On June 14, 1966, about 6:30 p. m., the plaintiff arrived in a bus at defendant's bus terminal in Kansas City, Missouri. The bus stopped in parking slot No. 1 located next to the east wall of the garage area of the terminal. The passenger islands1 used for the loading and unloading of passengers are located in slots along the south side of the garage area of the terminal. The slots are so constructed that the buses have room to park next to the island area and discharge passengers onto the passenger islands from the right front door of the bus, thus affording the passengers a shorter distance to step up or down when leaving or entering the bus. These islands are raised above the floor of the garage 7 inches, but are on the same level as the waiting room floor.
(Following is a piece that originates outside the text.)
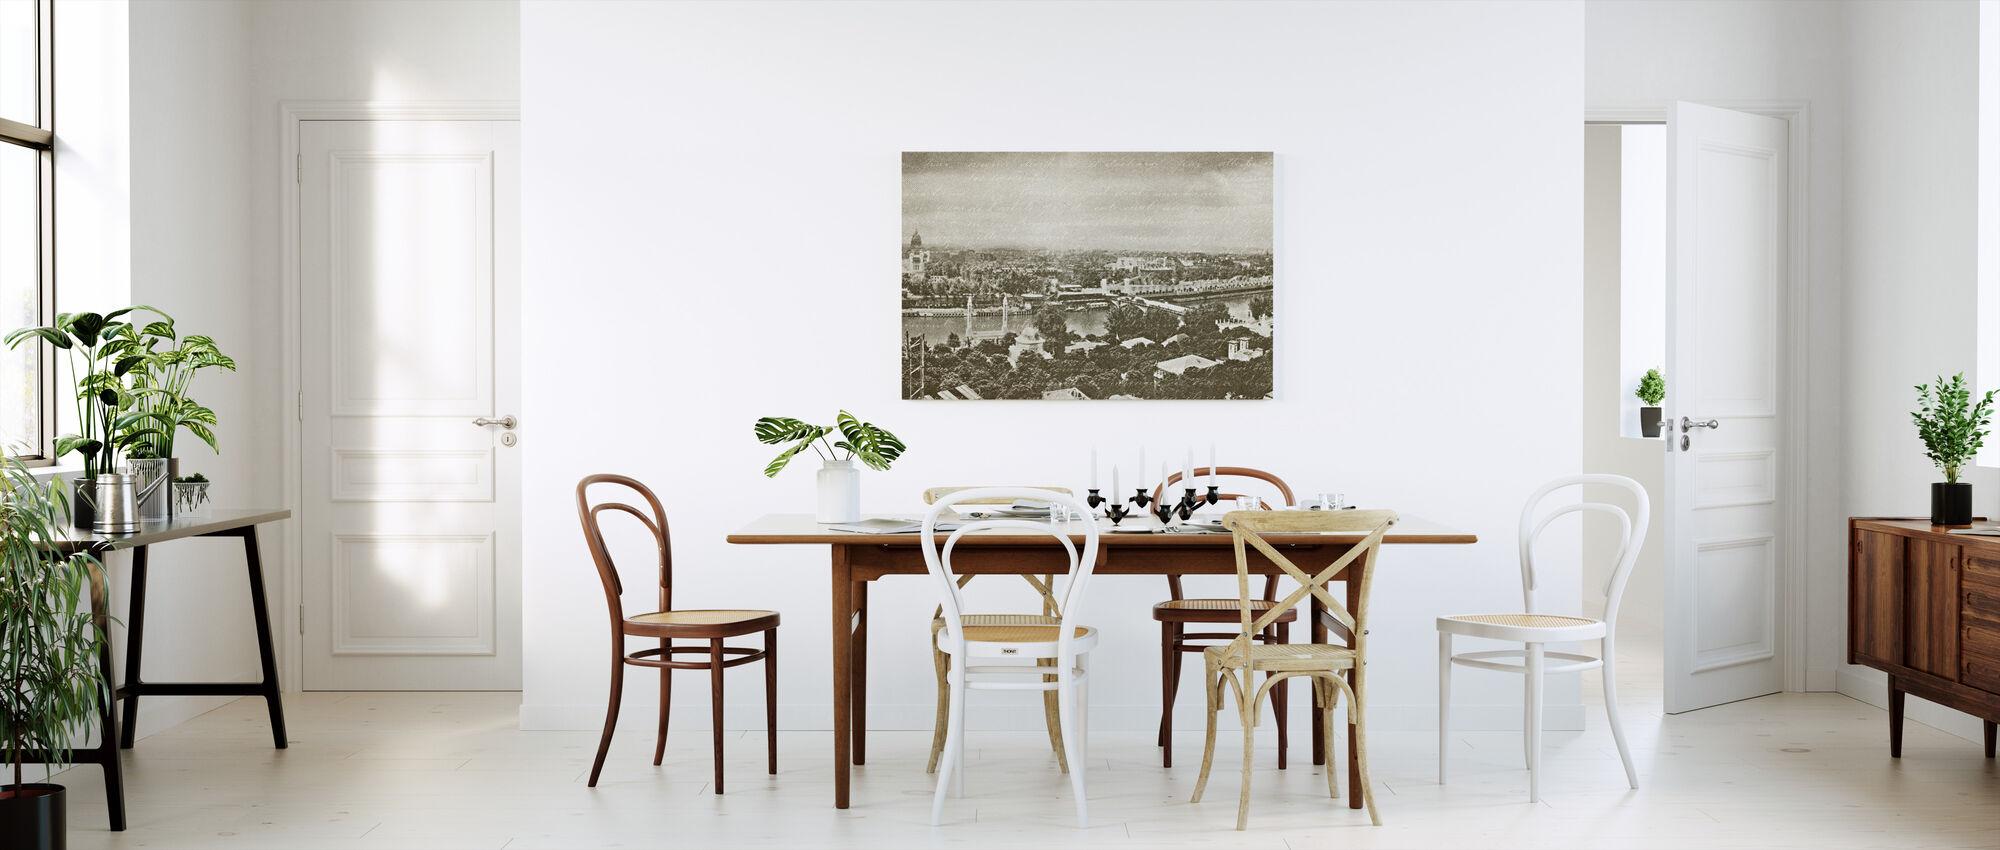 Pariisin Panorama - Canvastaulu - Keittiö

They extend along the right front door of the bus, when the bus is parked in its proper position, to a point approaching the middle of the bus. The island in question is about 37 inches wide and has a metal railing on the side of the island opposite the bus which extends the length of the island but does not have any end posts or warning sign at the north end of the island area. The edges of the island on the north end were outlined in yellow paint of varying shades of discernability.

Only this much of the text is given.